When by opposing testimony, reasonable doubt is thrown upon a prima facie case of guilt, it can no longer be said that the party accused is proved guilty, beyond a reasonable doubt. The jury are to judge upon the effect of the testimony, taken together. It was in our judgment too strong, to instruct the jury, that they must convict the accused, unless he had proved to their reasonable satisfaction, that he came by the sheep otherwise than by stealing. Proof of good character, may sometimes be the only mode by which an innocent man can repel the presumption of guilt, arising from the recent possession of stolen goods. As for instance, where the party really guilty, to avoid detection, thrusts, unobserved in a crowd, the article stolen into the pocket of another man. This may be done, and the innocent party be unconscious of it at the time. And yet good character is not proof of innocence, although it may be sufficient to raise a reasonable doubt of guilt.
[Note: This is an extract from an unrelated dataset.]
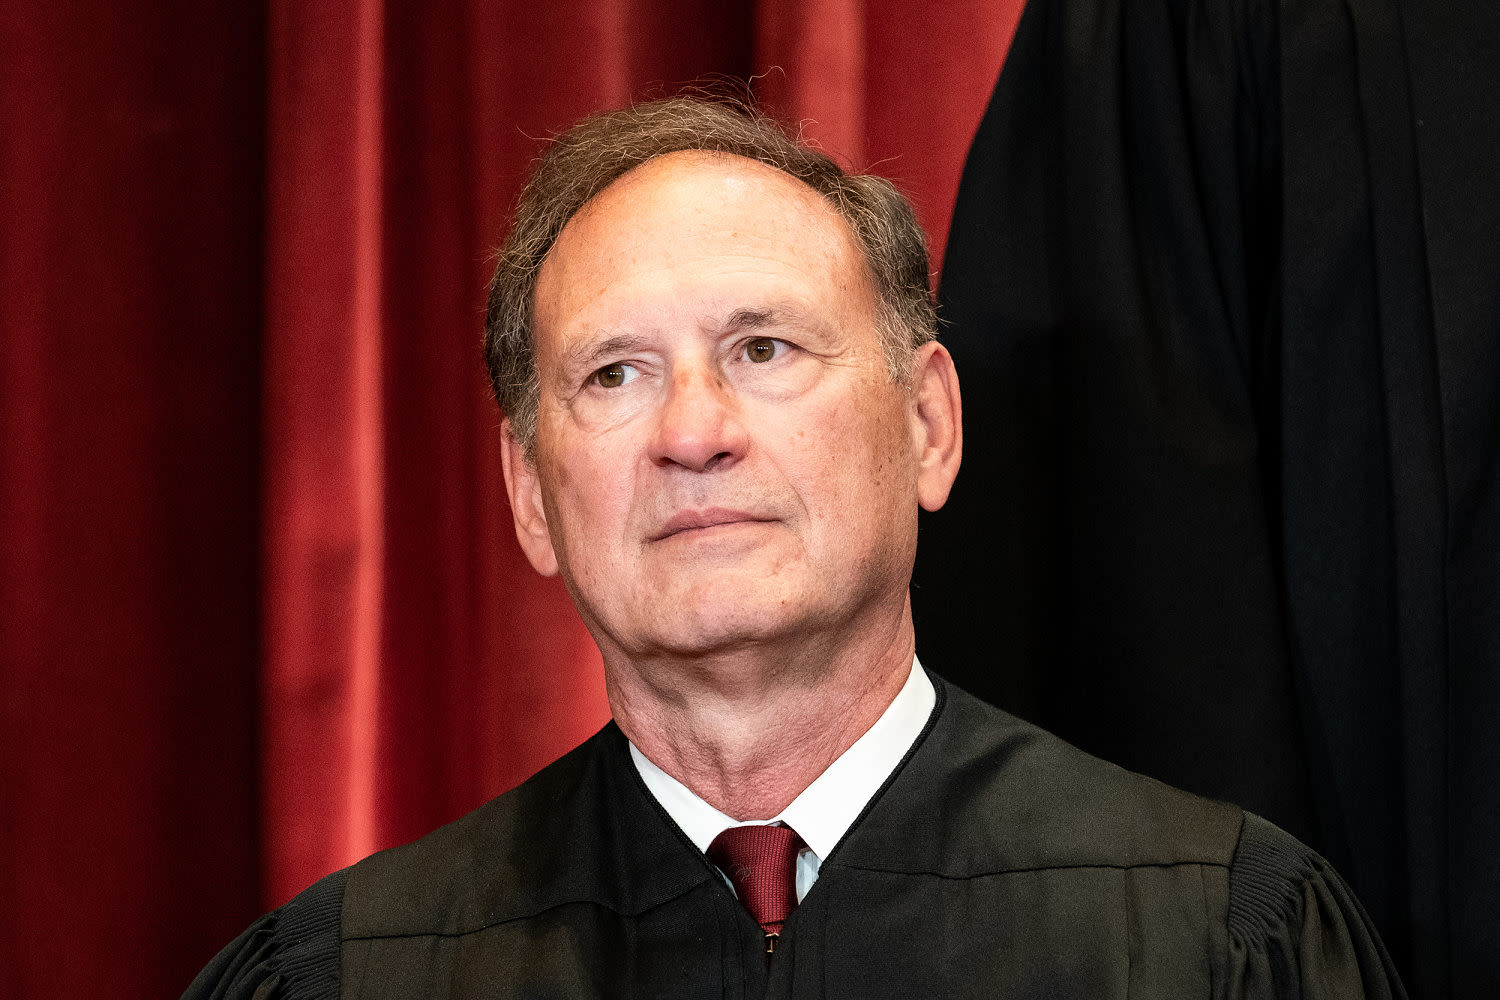 Opinion | It’s time for Justice Alito to face some consequences

The case finds, that the defendant did adduce evidence, tending to prove that he bought the sheep of a stranger. It may be easily conceived, that this proof may have been strong enough, to create in the minds of the jury a reasonable doubt of his guilt; and yet fall short of establishing the fact beyond a reasonable doubt, that he did so purchase them. In such a case, the instruction required a conviction, although every one of the jury might entertain reasonable doubts of his guilt.